In the world of boxing, Muay Thai, and MMA fighters; a popular question is often asked among the players, “Can you Punching Heavy Bag without gloves?” Well, the short answer to this is yes.
To be more precise, you can punch a heavy bag with just MMA gloves, hand wraps, or even without any protective garment for your hands. Yes, you can exactly do it just like that.
After all, it can be a good method to strengthen not only your knuckles but also your wrist and forearm muscles. So as to say, it is not a matter of whether it’s permissible or not. Actually, it is a matter of frequency, “How often should you do it?”
Definitely, it is not something to be taken lightly about. It requires so much technique and planning because it may lead to serious hand injuries if you don’t.
You wouldn’t want to regularly succumb to the pain of punching a 200-pound heavy bag, right?
With that said, let me give you some knuckle-friendly tips and advice with regard to punching heavy bag without gloves
The Five Steps of Punching Heavy Bag without Gloves
Flatten your First
First and foremost, you need to check your fist and make sure it’s strong and flat.
Get your fingers to remain flat or in a flat plain while flushed to one another.
When you punch, make sure your flat fingers and top row of knuckles make contact with the bag at the same time.
Align your Wrist
Don’t even think of bending your wrist before or during your strikes. If you do, your wrist will collapse due to the bad-angled punch that you just threw in.
The last thing that you would want to have is a wrist sprain, right?
So, watch out for your wrist and make sure it’s straight. Particularly, align it perfectly with your first.
When Punching Heavy Bag without gloves, make sure that your forearm, wrist, and fist are tensed together as one solid piece.
Execute Precise Punches
Instead of giving it all for power, focus on your punching speed when throwing precise, crips, and powerful punches.
Pulling off a magnitude of your strength towards a heavy bag without any gloves will increase your chance of injury.
Snap your punches on the target by pulling your punches as soon as they land.
Hooks are a No-no
If I were you, I’d definitely go for jabs and right hands. Executing hooks while your knuckles are bare is as dangerous as going inside the octagon without any gloves.
Hooks are powerful moves so they can make your wrists more vulnerable.
Moreover, you can’t possibly align your wrist if you’re aiming for hooking punches. And so, I suggest letting it go and simply aiming for jabs and right hands.
Take a Break
This is perhaps the most obvious advice on this list. But really, taking a break will never go out of style.
Punching heavy bag in a bare-knuckle style is already strenuous enough, how much more if you overtrain yourself?
This type of boxing style increases your chances of having occasional breaks or cracks in the surface area of your knuckles’ skin.
While this skin will strengthen over time, you also need to give it time to heal before getting back to aggressive training.
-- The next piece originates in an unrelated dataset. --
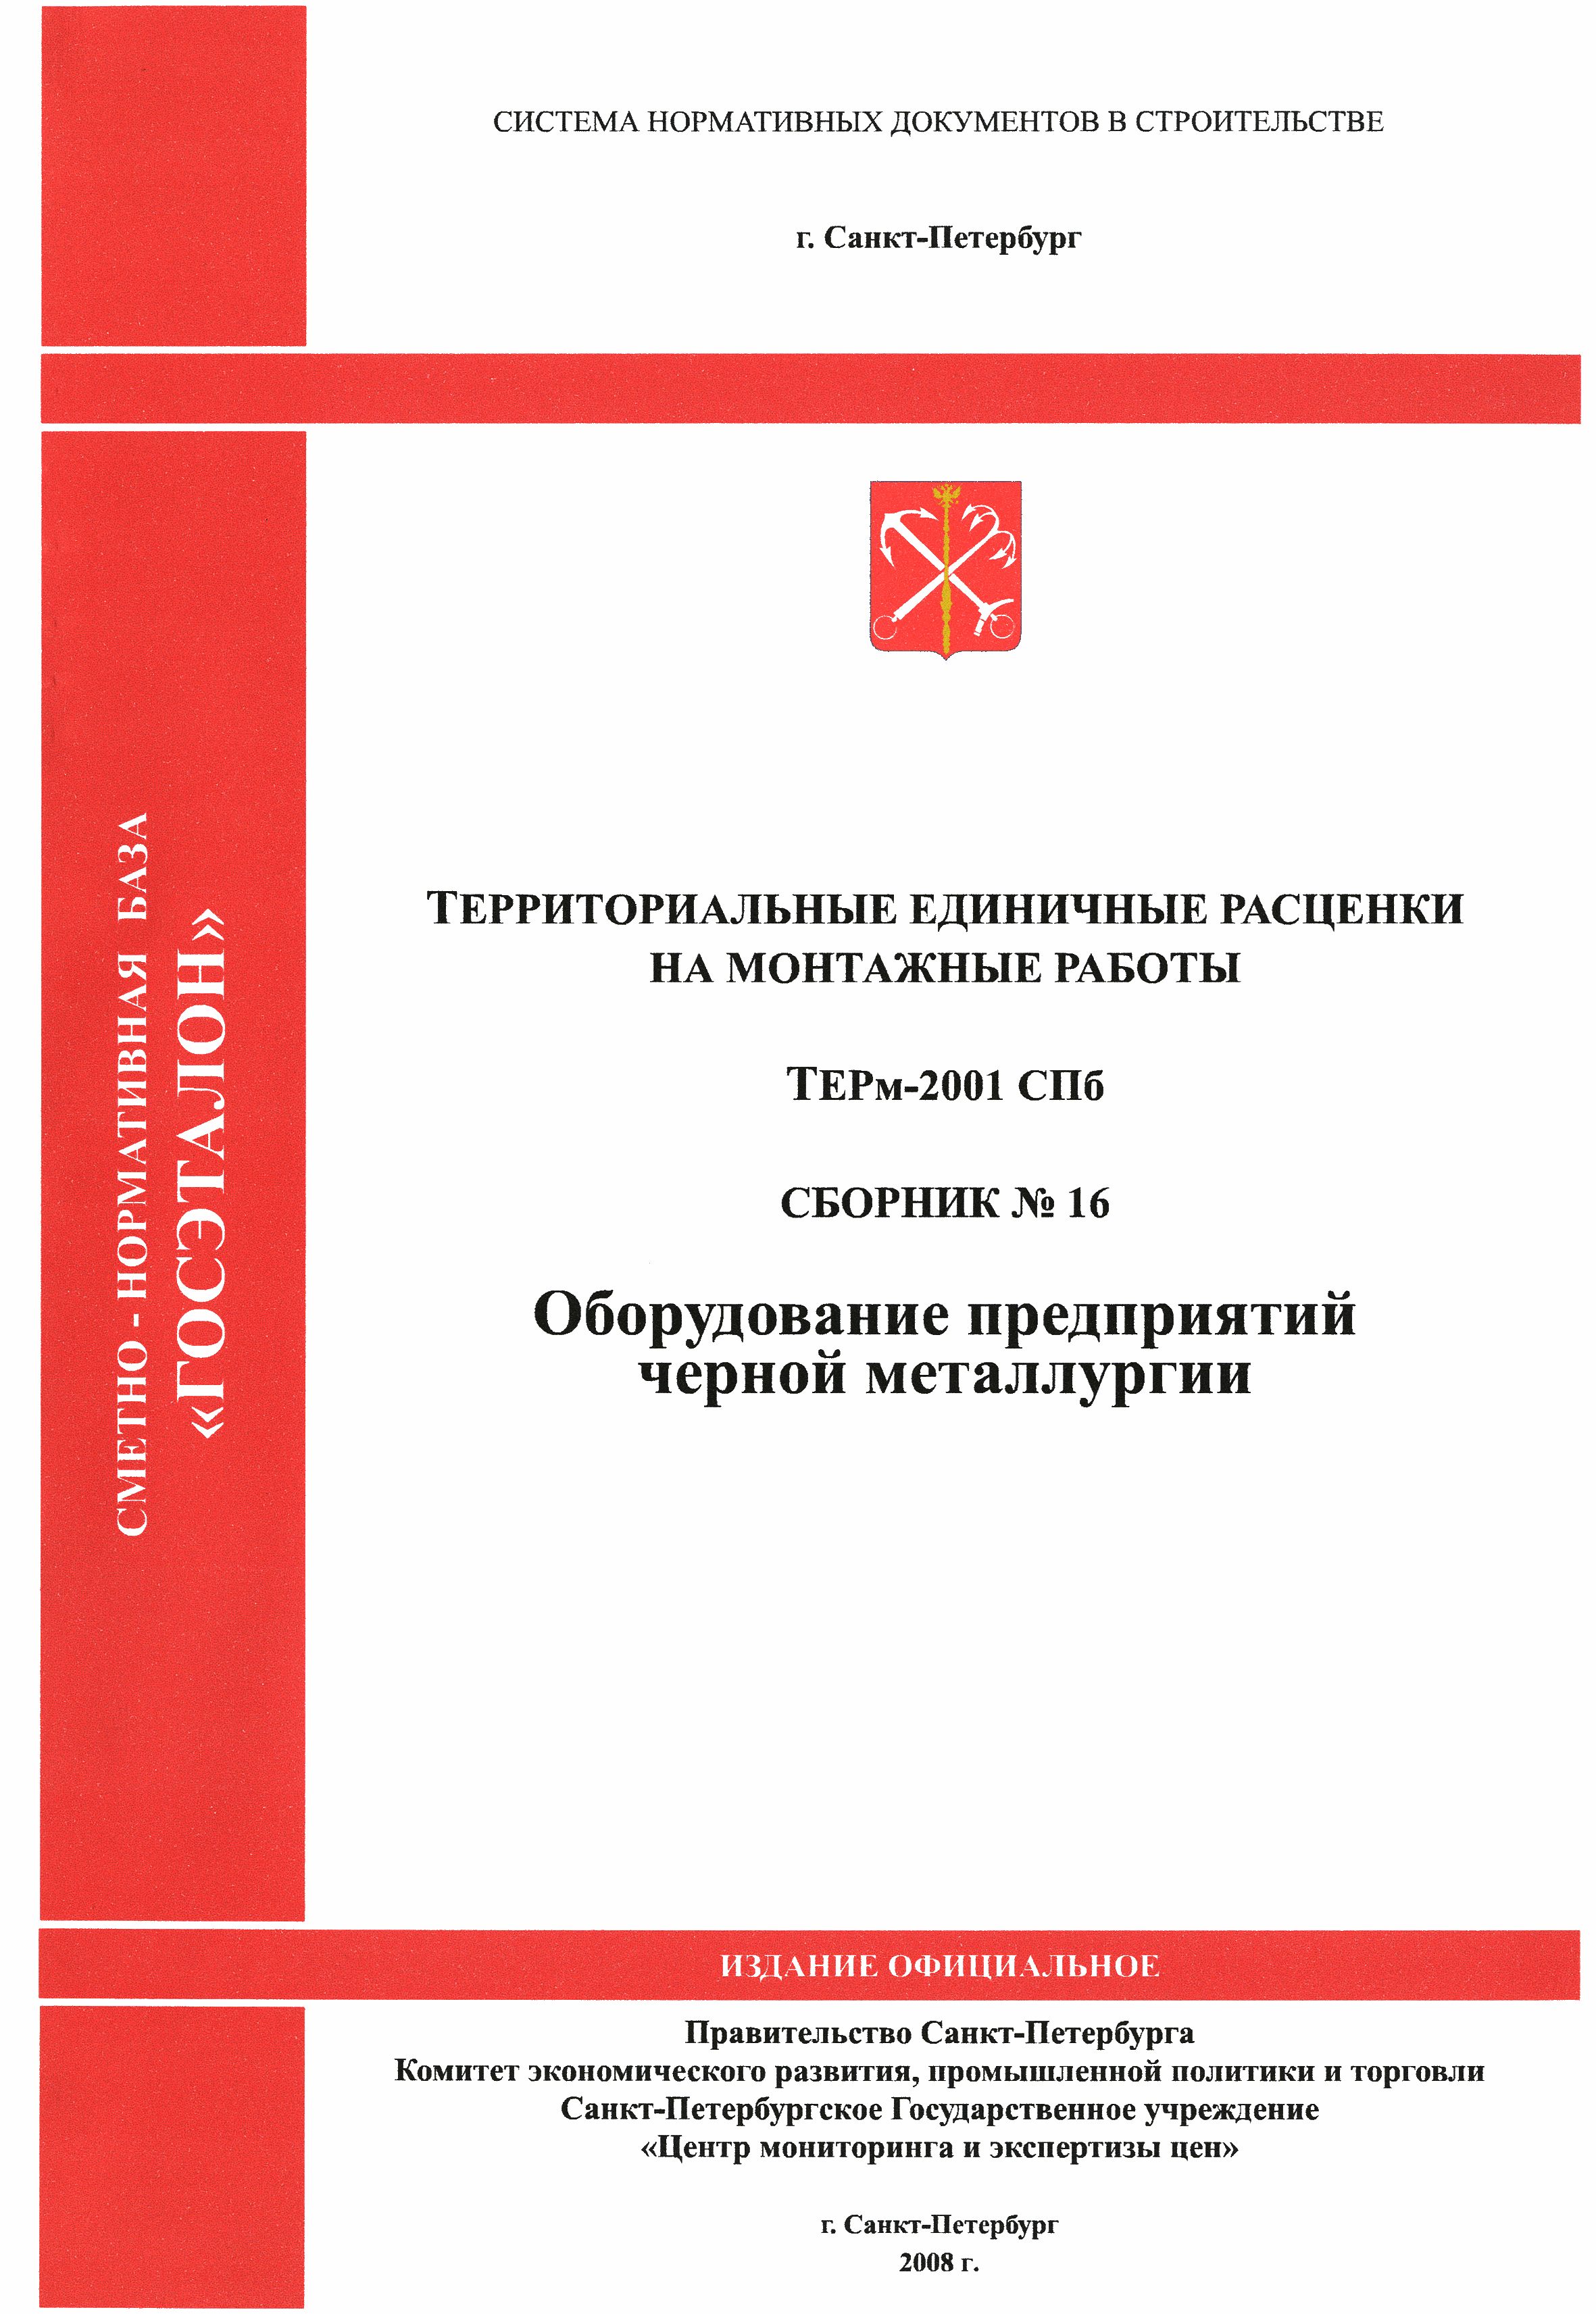 ТЕРм 2001-16 СПб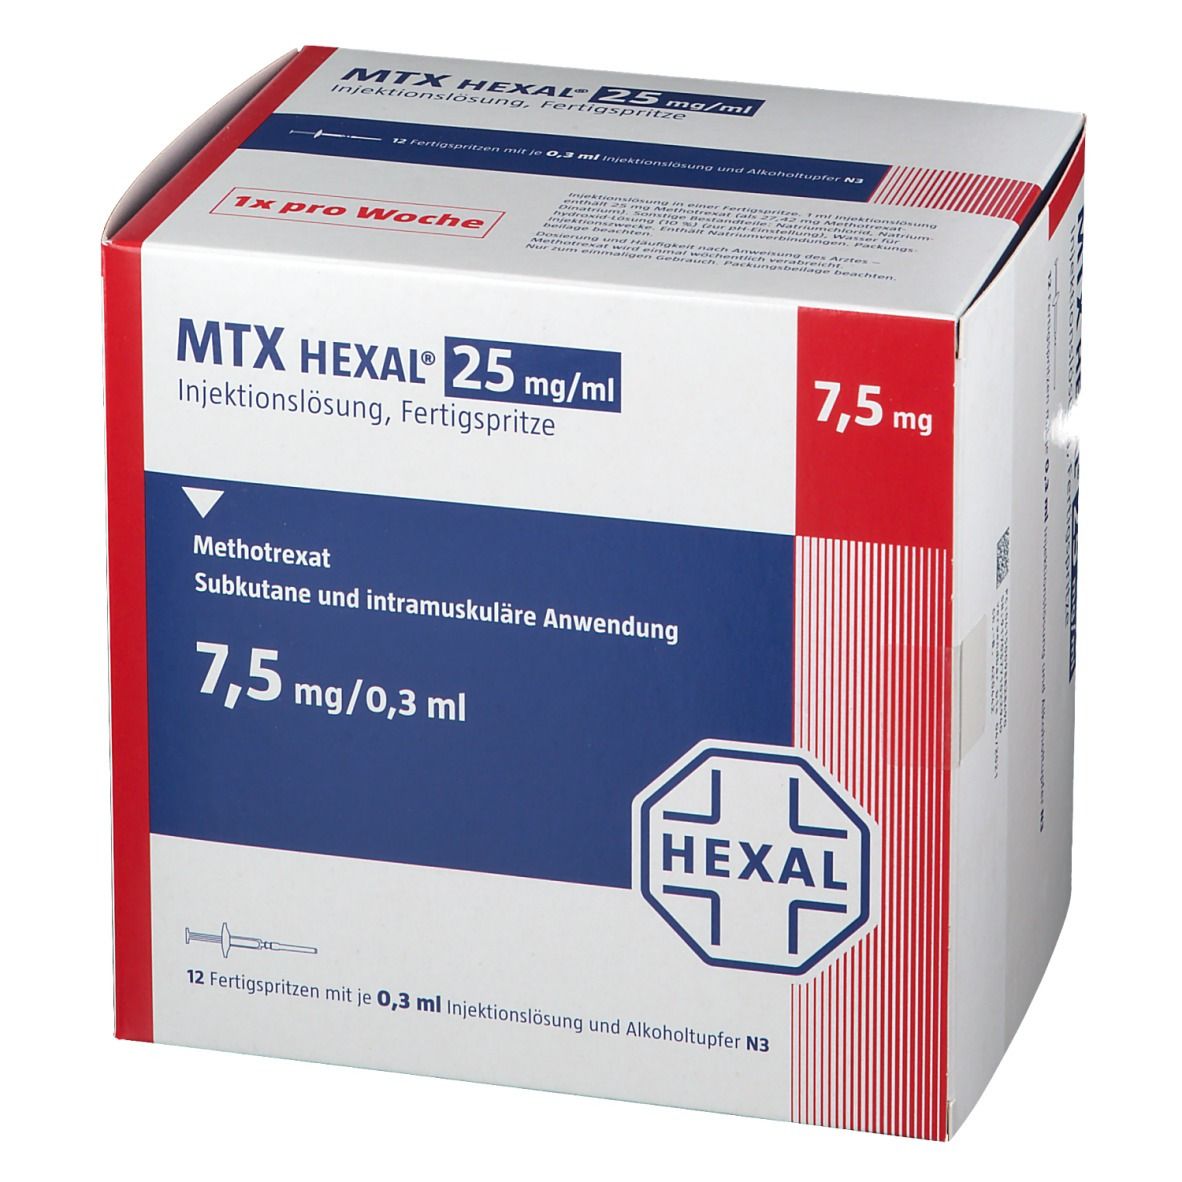 MTX HEXAL® 25 mg/ml 7,5 mg

Bruises or painful wounds can also occur from time to time. With that, you really need to know how to stop and when to resume your training.
Apart from that, fatigue will also haunt you as you continue to manifest this boxing style.
Fatigue can lead to a breakdown of boxing form, and if you don’t preserve your form when punching bare-knuckle style, you can easily injure yourself.
So, if you feel yourself getting tired, either take a break or put on a pair of boxing gloves for the rest of your workout.
The Perfect Glove for a Bare-Knuckled Punch
If the above-mentioned tricks and hacks, by any chance, don’t work for you, then why don’t you kickstart your way into a bare-knuckle boxing style by starting off with a lightly padded training glove?
And then eventually, you replace it with a much heavier one, and so on. You get the gist of it.
With that said, the so-called RDX grappling glove is best recommended to perform this.
It does a fairly good job in a make-believe feeling of punching without gloves. Just don’t forget to check the sizing chart when buying one.
Final Words
Training for bare-knuckle punches is completely okay, but in doing so, you need to follow certain steps and procedures so as to not hurt yourself.
It is important to take these things into consideration so you will find yourself in a position where bruised knuckles will lead to your fight’s delay or cancellation.
What’s good about it also is how advantageous it can be in certain aspects. For one, it strengthens your skin, as well as the bones, muscles, and connective tissues of your hands.
At the end of the day, it is only just a matter of learning the curve of throwing a punch without any protective gear.
As days pass, you will eventually get a hold of this technique. Trust me, I know that for sure.